By eight-thirty the next morning, I was at Maggie’s door for repair. The police had unsealed her office and she was back in business. I had figured I could sneak in without an appointment at that hour, but I was wrong. There were three unfamiliar patients ahead of me in the white waiting room. A square young man in a flannel shirt and a round middle-aged woman in a cashmere sweater held magazines in front of their respective faces. The white-haired old woman in magenta velour wasn’t as introverted. She waved her cane at me in greeting as I entered
.
The celestial tones of Constance Demby floated on the sterile air, inviting relaxation. But Renee’s harsh tones bulldozed the harmony.
“You here to ask me questions?” she asked. The sour expression on her tan face indicated her probable attitude regarding such an imposition.
I moved closer to her desk in an effort at privacy. The old woman’s bright eyes followed me all the way.
“I’d like to talk to both you and Eileen,” I said. “But I’d also like a treatment, if Maggie can fit me in.”
“Are you kidding? You aren’t even in the appointment book.” Her sharp nails tapped the open page of that book as irrefutable evidence.
“But my back—”
“Kate, how are you?” Maggie danced into the room, her red hair virtually vibrating with exuberance. “Have you talked to the police again?” I opened my mouth to answer, but not fast enough. “They questioned me for two more hours. But guess what! I’ve got a bunch of new patients. It’s really neat!”
“Maggie, maybe we could talk in your office,” I suggested. I could feel eyes burning into my neck alongside my pinched nerve.
“Okay,” she said, and led me into the next room.

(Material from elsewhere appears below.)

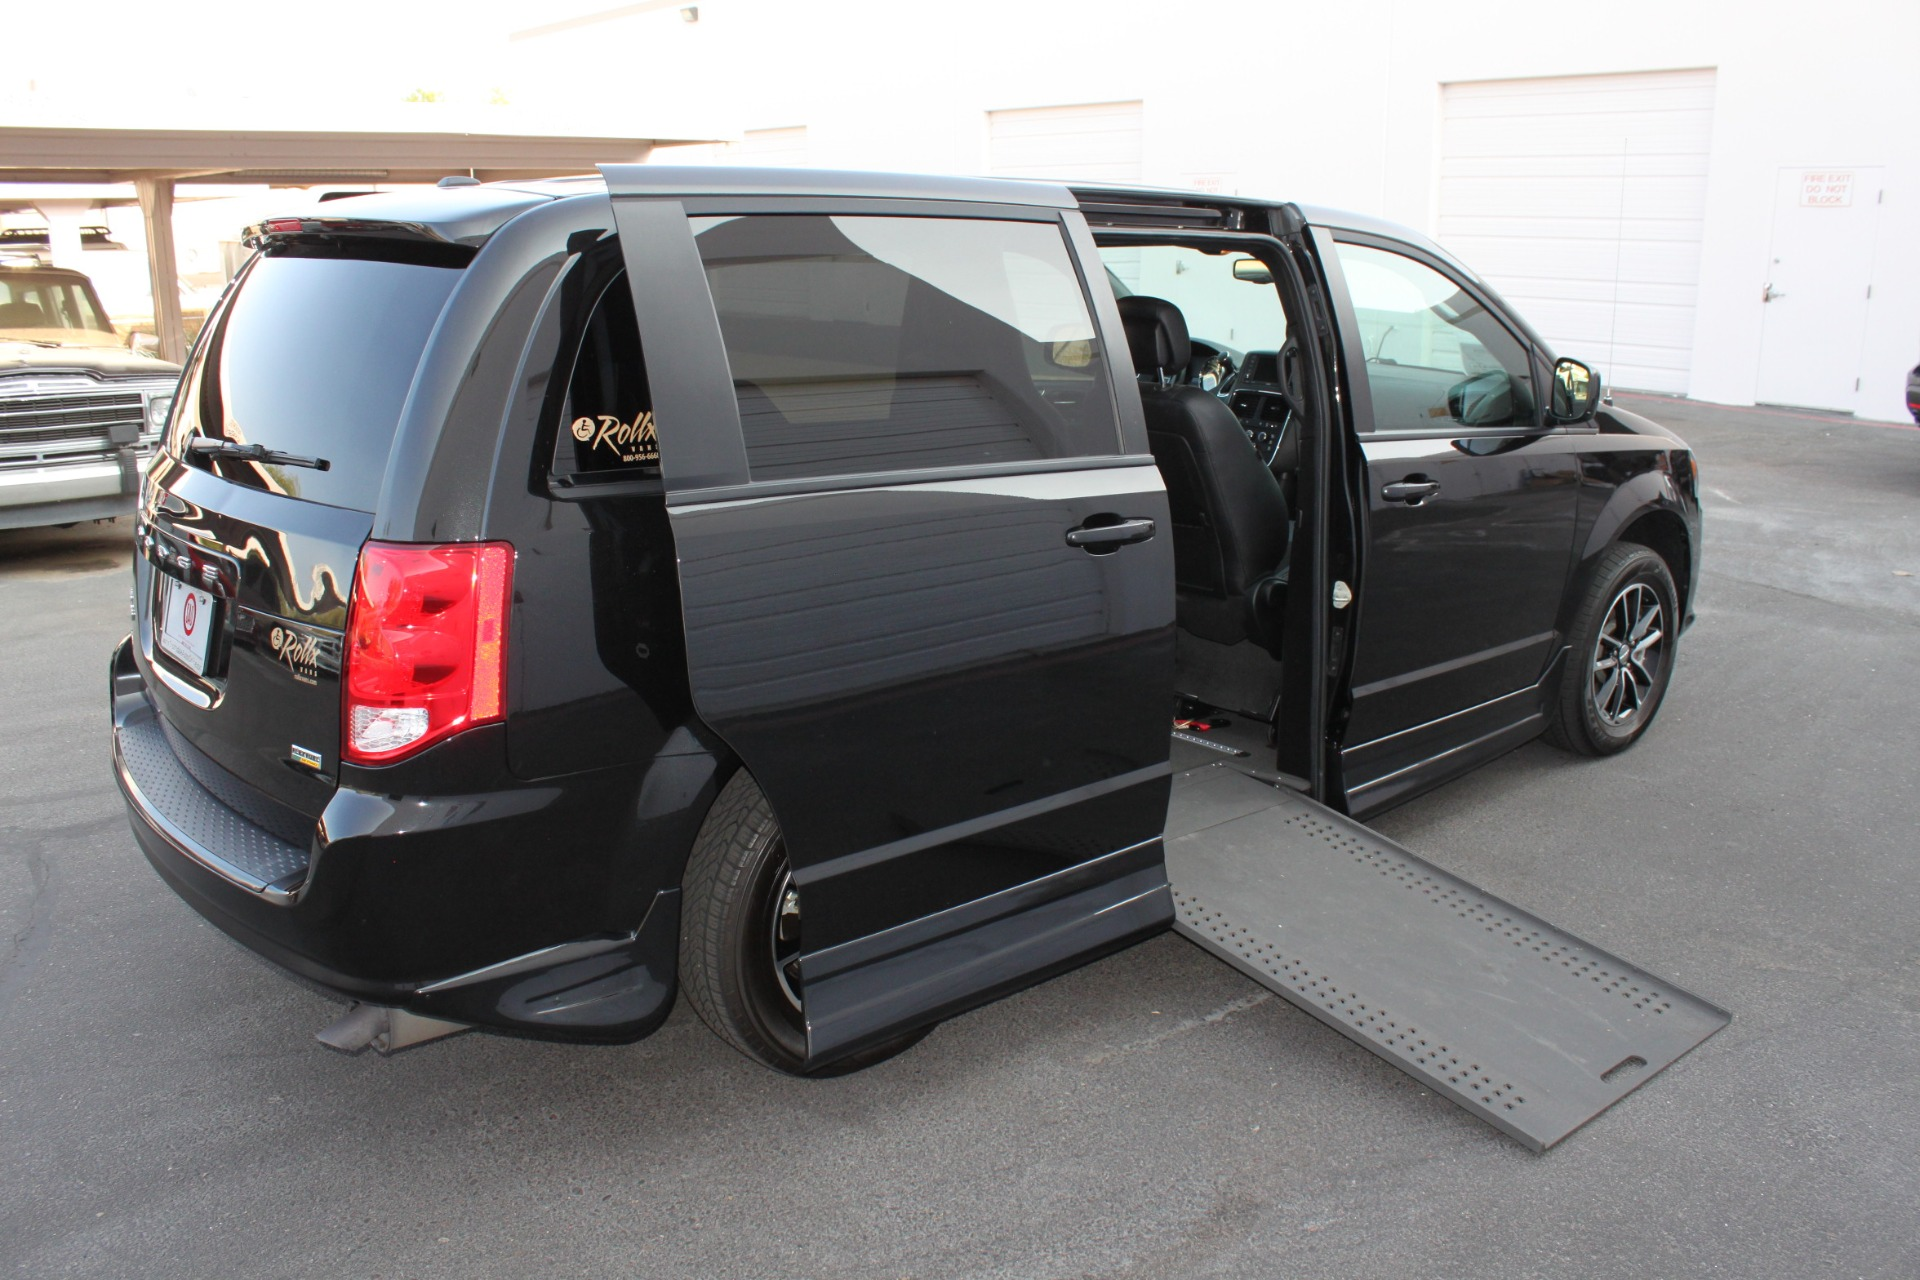 Used-2018-Dodge-Grand-Caravan-SXT-Rollx-Mobility-Conversion-Mini

As I lowered myself carefully onto the visitor’s chair, I could see that her office was back to normal. Stuffed animals, paperwork and junk were all jumbled together in her unkempt ecosystem. It was hard to imagine that Sergeant Udel had been behind that desk two days ago.
“Can you work on me this morning?” I asked. First things first. “My back and neck are killing me.”
“Of course I can. You look terrible. See what happens when you don’t get your regular adjustment?”
“A little murder got in the way, remember?” Her eyebrows shot up. “Didn’t seem to hurt your business any, though,” I added.
“No, that’s the strange thing. All these new people called up for treatment. Jeez, I guess there really is no such thing as bad publicity.” She shook her head.
“Maggie, do you still want to know who killed Scott Younger?”